Sorry, this fell off my radar. I will take a look this week.

jgfouca avatar Sep 06 '23 19:09 jgfouca

I'm the NERSC support staff person that has this as a ticket. I'll offer to help if there is something needed from a facility perspective.

Larofeticus avatar Sep 06 '23 20:09 Larofeticus

This line in the description at the top:

It appears the recommendation is to create a different library for MPAS-framework gpu kernels and link it separately. Are you referring to the posting here? https://forums.developer.nvidia.com/t/nvlink-error-multiple-definition-errors-when-linking-to-the-same-library-twice/62892 It sounds like the build structure needs to be re-organized not to duplicate the contents of the libraries.

cponder avatar Sep 07 '23 08:09 cponder

I'm wondering if a flag like -Wl,--allow-multiple-definition might get it to tolerate the duplication between the libraries.

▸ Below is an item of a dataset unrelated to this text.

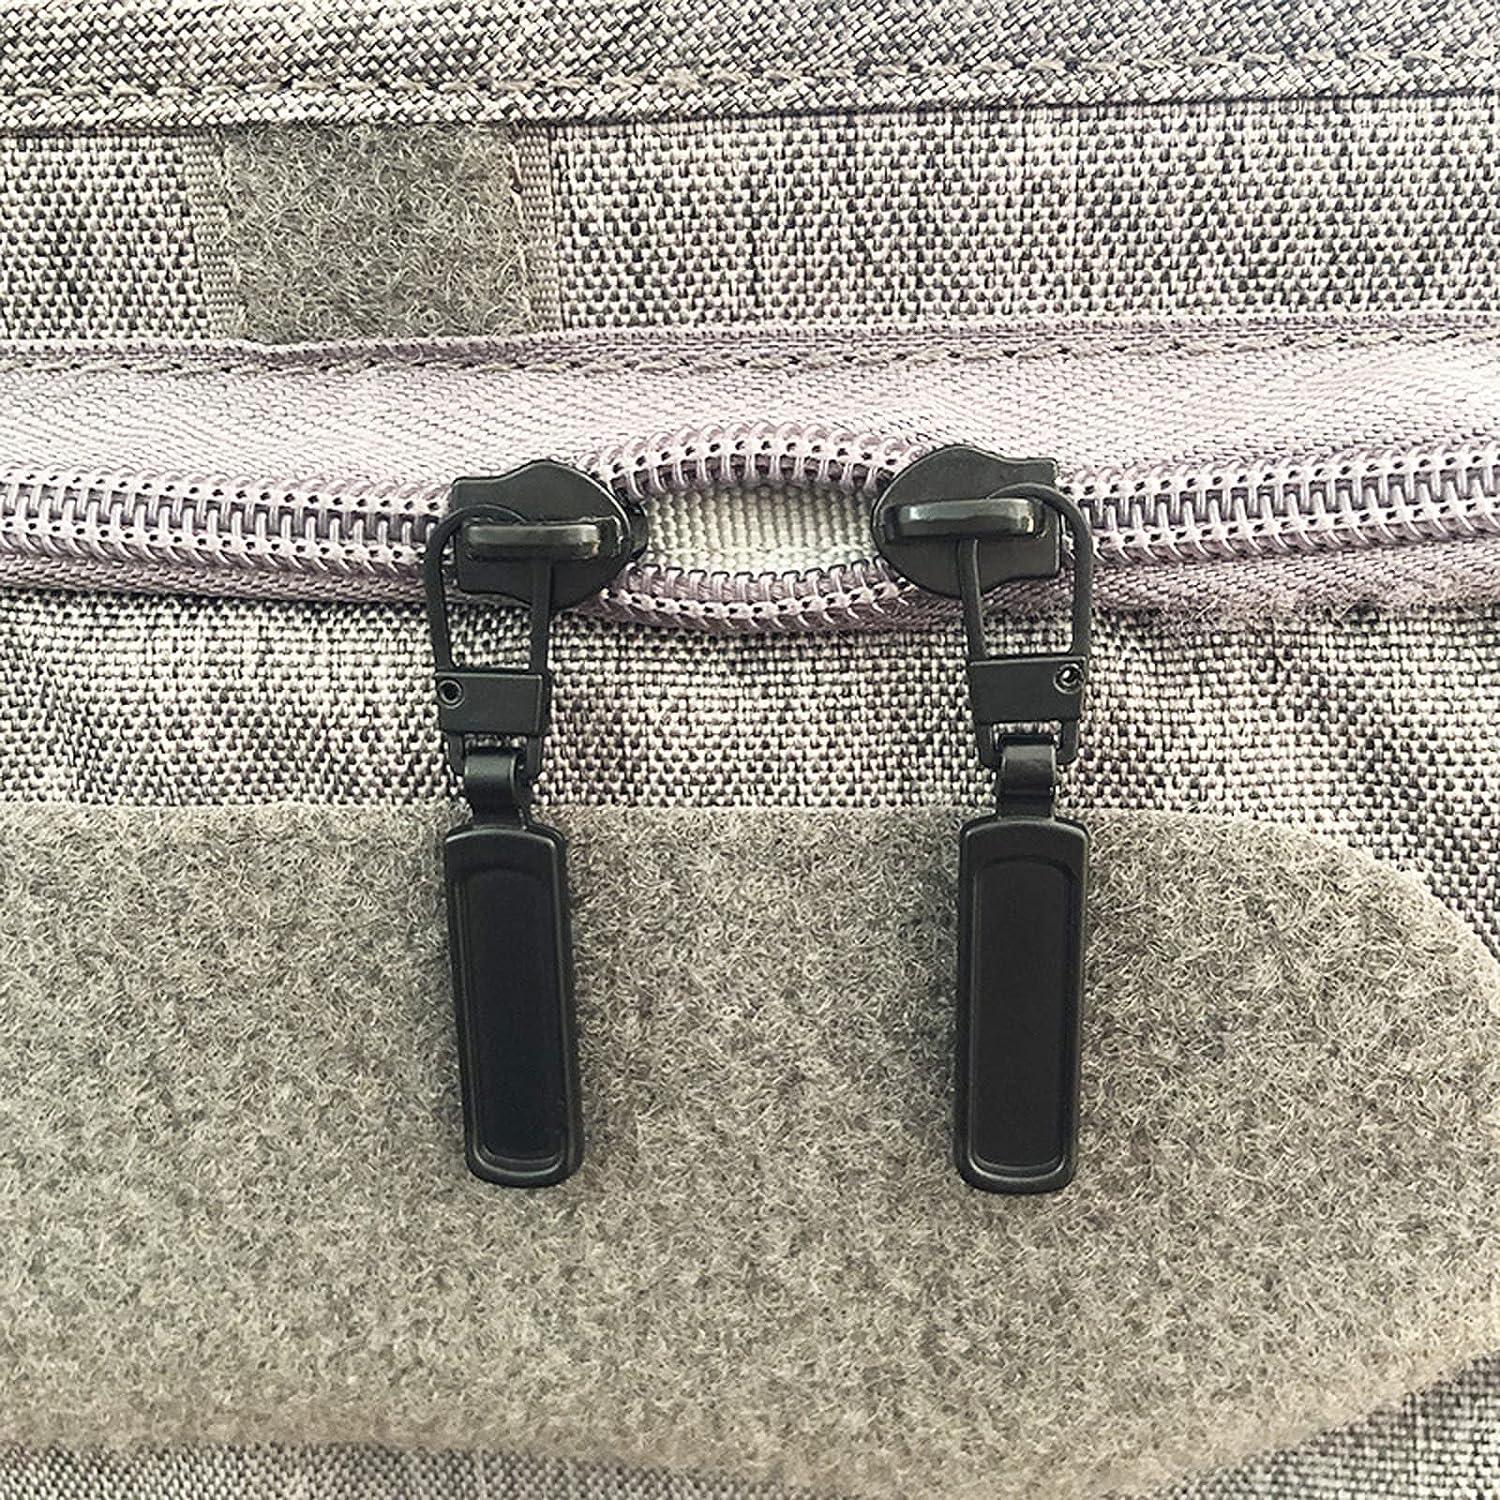 Mizeer Zipper Pull Replacement for Small Holes Zipper Detachable Zipper Tab Repair for Clothing Jackets Boots 4pcs Black

I'm not sure if this would be the right way to express it. But the --allow-multiple-definition is a flag to "ld" that sounds like the problem you're seeing. Also, if this problem showed up on Perlmutter but not other systems, it could be that the default compiler/linker flags could be set differently.

cponder avatar Sep 07 '23 14:09 cponder

@cponder , thanks for the info. I searched the flag in the build log and found that the "-Wl,--allow-multiple-definition" flag is already used in the linker command line when e3sm.exe is created. I think the linker flag is defined in nvidiagpu_pm-gpu.cmake in cmake_macros folder.

grnydawn avatar Sep 07 '23 18:09 grnydawn

@philipwjones Any thoughts on how to resolve this?

sarats avatar Sep 11 '23 15:09 sarats

Hi all, apologies for delays on this. I am on perlmutter and I see the same error with case SMS.T62_oRRS18to6v3.GMPAS-IAF.pm-gpu_nvidiagpu. Working on a fix now.

jgfouca avatar Sep 11 '23 16:09 jgfouca

@cponder , It looks like -Wl,--allow-multiple-definition is already in the link line, so unfortunately that won't be the fix we need.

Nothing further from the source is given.